Was ich nun im Status 72 Lebensjahre vom Altern als Läufer weiß ist Folgendes: Ich konnte mir vor 7, 8 Jahren nicht annähernd vorstellen, wie es sein wird als Ü70 Senior zu laufen. Ich dachte: Okay, du wirst langsamer werden, länger brauchen, und deine längsten Strecken werden sich dadurch notgedrungen verkürzen. Wobei mir Letzteres noch am ehesten unschöne Gedanken bescherte, weil ich halt gerade erst auf den Geschmack der elend langen Kanten gekommen und dort die totale Erfüllung gefunden hatte. Tatsächlich ist sehr langes Laufen in diesem Alter wesentlich härter und komplizierter. Ich kenne ein paar Beispiele von Uralt-Läufern und Uralt-Läuferinnen, die mir seinerzeit immer wieder begegneten und ein krasses Beispiel davon abgaben, wie ich NICHT aussehen, wozu ich es NICHT kommen lassen wollte. Also definierte ich für mich mein Wettkampf-, zugleich mein Marathon-Ende. Wenn es mir nicht mehr gelingen würde einen flachen Marathon aufrecht und komplett durchzulaufen, obwohl ich meine Zeit zum Training genutzt hatte, dann wollte ich aufhören. Ich dachte: Das merkst du dann schon, es geht halt nicht mehr.

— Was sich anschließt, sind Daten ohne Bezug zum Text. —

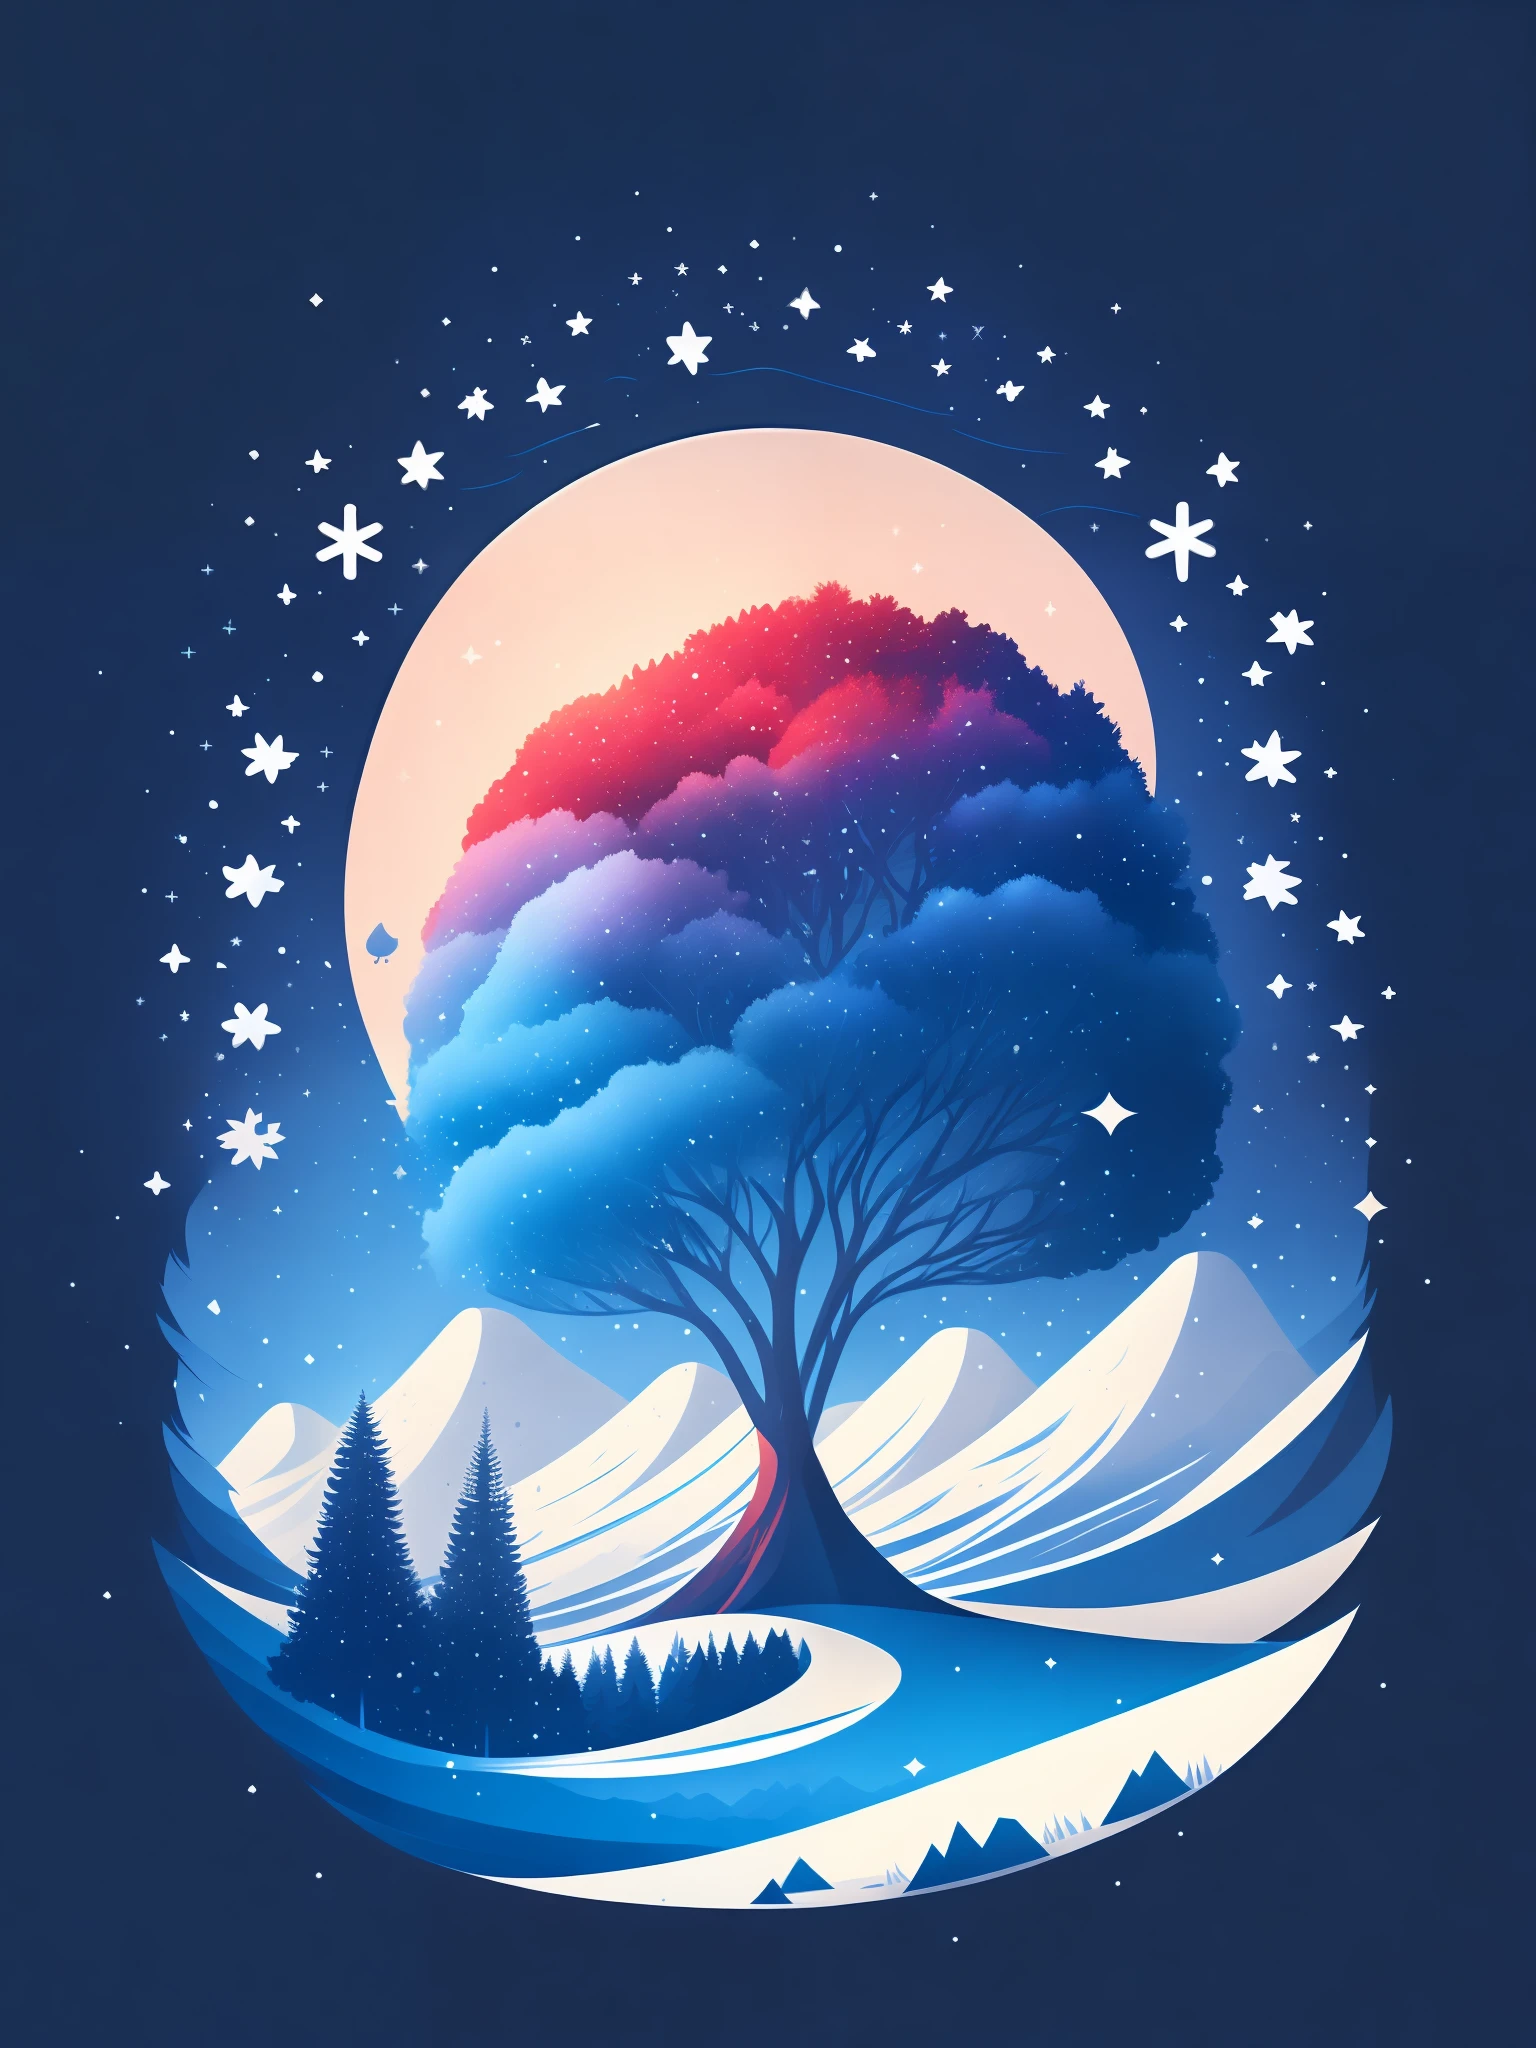 شجرة التنوب في المناظر الطبيعية في فصل الشتاء, تصميم التي شيرت, com.rzminjourney, مكافحة ناقلات الفن

Tatsächlich stellt sich die Frage, wann Schluss sein soll, heute ganz anders. Ich wurde darauf gestoßen, weil sie sich mir zunächst für die super-langen Strecken stellte. Es war so, dass es mir zu früh, schon vor der Hälfte, einfach keinen Spaß mehr machte „irre weit“ zu laufen. Am deutlichsten merkte ich das 2023, als ich mich von meiner Lieblingsstrecke, dem Mauerweg, mit einer letzten Teilnahme verabschieden wollte. Schon nach einem Drittel war die Luft raus, der Spaß weg und nach der Hälfte war da nur noch Kampf, Schmerz, Qual. Trotzdem bin ich die vollen 160 km gelaufen, nichts gegangen. Und ich wusste die ganze Zeit: Das kann ich zwar noch, aber so will ich das ganz einfach nicht mehr. Etwas Ähnliches merke ich heute, wenn ich „nur“ Marathon laufe. Wobei ich hoffe derzeit in einer Übergangsphase zu sein. Durch die KnieOP war es mir lange Zeit unmöglich weit zu laufen. Ich verlor alle Robustheit und Ausdauer, die es braucht für so lange Strecken. Vor der Verletzung war es mir durch permanentes Wiederholen der Marathon-und-weiter-Leistungen in kurzem zeitlichem Abstand möglich die Substanz zu behalten. Dann war sie weg und ich habe sie bis heute nur zum viel kleineren Teil wiedergewinnen können. Ich hoffe nun nächstes Jahr - wenn der Winter vorbei ist, der mich zusätzlich bremst, weil kaltes Wetter schon immer mein Feind war - daran noch arbeiten zu können. So weit, dass es mir wenigstens bis hinter Km 30 Spaß macht zu laufen. Wenn mir das nicht gelingt, wird sich die Frage „Aufhören mit Marathon?“ schon viel früher stellen. Ich werde es zwar noch können, aber das Opfer, das zu frühe Spaßende, werde ich wohl nicht akzeptieren. Dann wird es wie beim Mauerweglauf sein: Ich kann das zwar noch, aber so will ich das nicht mehr.
Ich fand meine Schwierigkeiten, Befindlichkeiten, Überlegungen in deinen Sätzen wieder. Teils Klartext, teils aus dem Zusammenhang genommen. Du weißt also genau, wovon ich rede. Ich wünsche dir, dass du zurückfindest in eine Form, die dir noch lange deine geliebten Strecken ermöglicht.
Alles Gute Klaus und wir sehen uns sicher bald mal wieder auf einer Strecke. Ich muss mich nur trauen eine der profilierten Strecken in deiner Region wieder in Angriff zu nehmen. Bisher suche ich mir möglichst flache Sachen aus.